I think that you are being disingenuous. If (in this hypothetical future) Conservative and/or Reform Jews either created their own schools or invested heavily in community schools, then the schools would most likely reflect their own ideologies and belief systems. That would mean teaching the Creation & Sinai are only myths, the documentary hypothesis, halakha changes when we want it to, Judaism believes in the right to an abortion, homosexual marriage, etc.
I suspect that Yaakov Menken and company believe that having Conservative and Reform backing Jewish education would be an extension of much of the status quo (which often means having Convervative students either attending Orthodox Day School or Community Day Schools under Orthodox auspicies and with Orthodox teachers). However, if C. & R. Jewry actually take this seriously, then it may be an entirely different game, altogether.
You raise a very interesting and one that I’ve thought about many times.
Essentially the question is whether it’s better that Jewish children receive a C or R education than none at all? C and R definitely teach things that are not only irrelevant to Jewish practice and thought but actually deny or contradict it in most cases. Perhaps it would be better that children never be mislead into thinking that they received an authentic Jewish education and hope that one day they’ll be inspired to actually research it, than to give them a watered down or false version of Judaism and expect them to wake up and realize that it’s incorrect once they grow older.
I’ve done an informal and unscientific study of the Baal Teshuvah movement for a number of years trying to discern whether those with a C/R education were more likely or less likely than those without an education at all, to turn toward traditional Judaism. The problem is that there are too many factors to consider and thus my results aren’t compelling but I have found at least an equal number of completely unnafiliated Jews turning toward observance as those who’ve had the C/R upbringing. [I cannot begin to secribe how many kids locally who’ve attended the Hillel Conservative Day school for the full elementary school program are now married to non-Jews. The numbers are staggering.]
Still in my gut, I can’t help but feel [perhaps incorrectly] that such an education probably will open doors that wouldn’t otherwise be opened. Parents who initially register thier children in one of the C or R schools may come to realize that few if any of the teachers actually reflect their teachings in theri own personal lives and consider switching their children to schools that project a more cnsistent message.
The scariest thought however, is where will the C and R schools get their educators from? As it is, they can hardly stock their Sunday and after school programs with knowledgable staff. [The Hebrew School near my home employs a non-Jewish college student to teach Jewish Holidays! Their excuse: she’s more passionate than the apathetic Jewish students are]
I don’t mean to be perverse, but I suspect more money into Jewish schools would not reduce the price of Jewish education. Instead, more schools, top-heavy with administrative and building costs would be built.

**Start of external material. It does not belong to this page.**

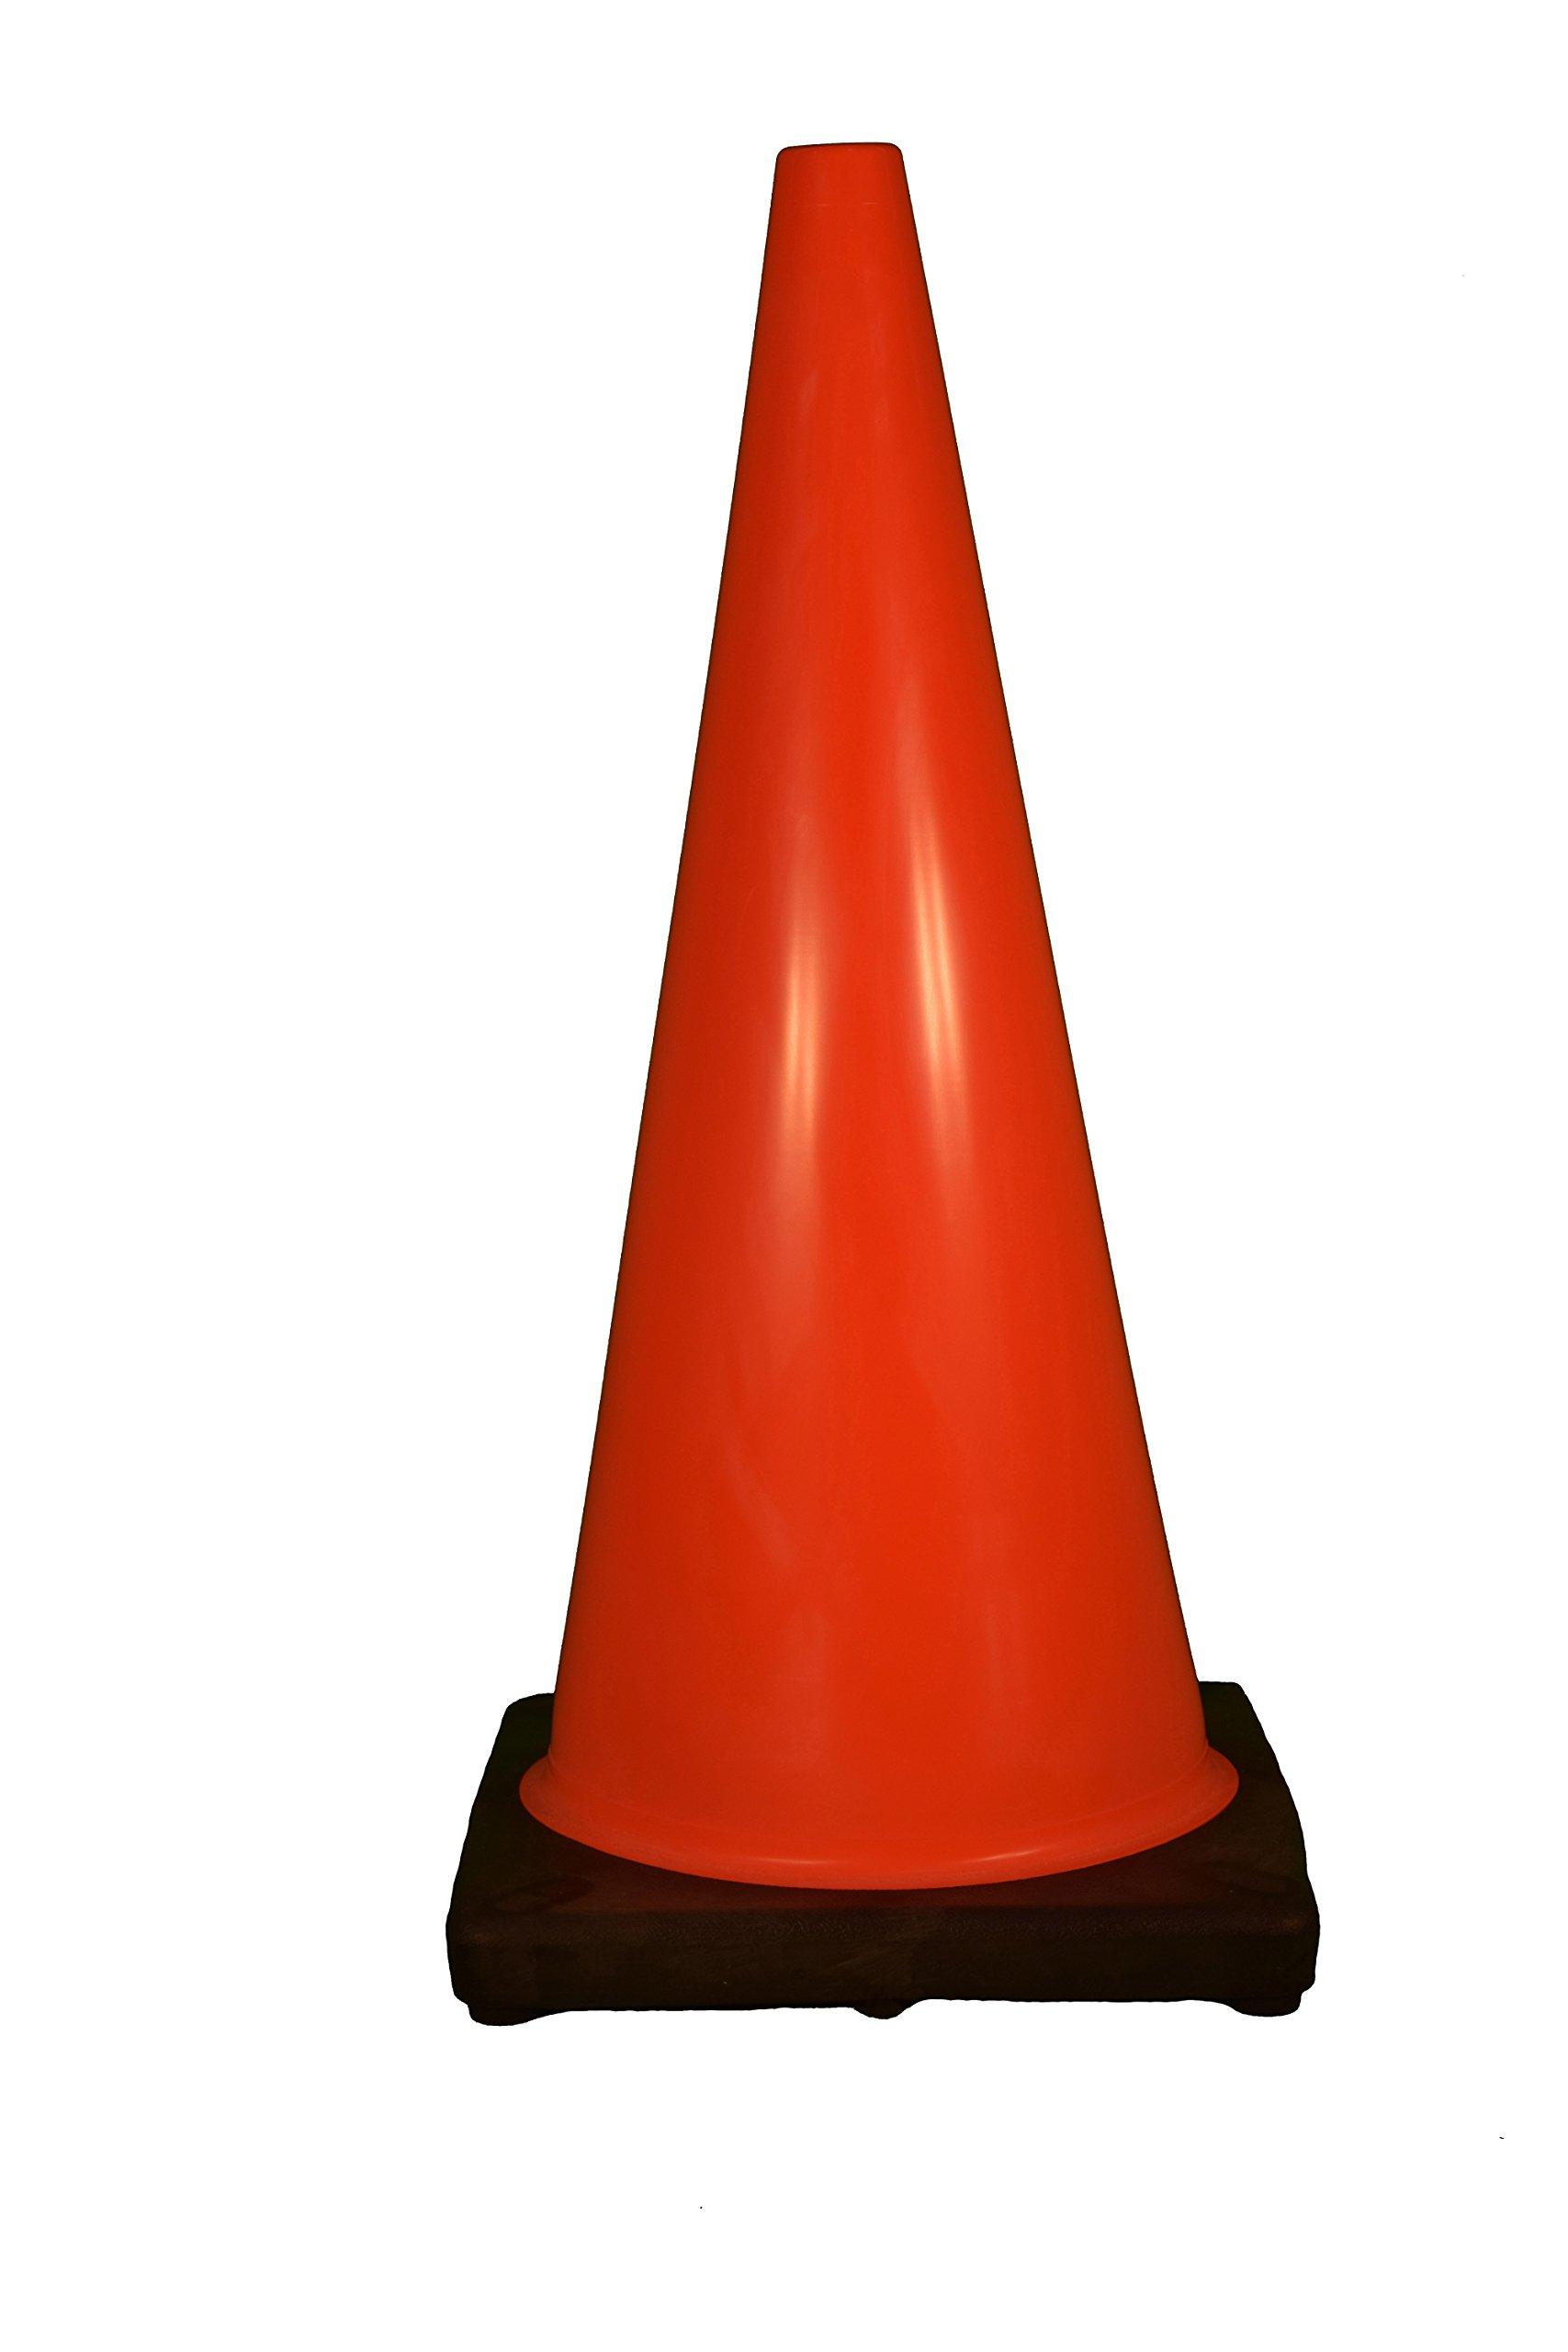 Cortina 03-500-07 Vinyl Traffic Cone with Black Base, 28'' Height, Red/Orange

Someday, someone’s going to figure out an “intelligent design” for chinuch, which would involve buying a campus shared by many schools so that there could be economies of scale and adequate facilities (athletic, auditoriums, etc.). The divisions of charedi, MO, whatever, would function as different “colleges”, each in their own buildings, with as little intersection as Carnegie-Mellon’s arts students (fruits) and its engineering students (veggies).
The savings on overhead would be enormous.
Vouchers would work within the “campus”, whereby the different schools get funding proportional to the percentage of their enrollment.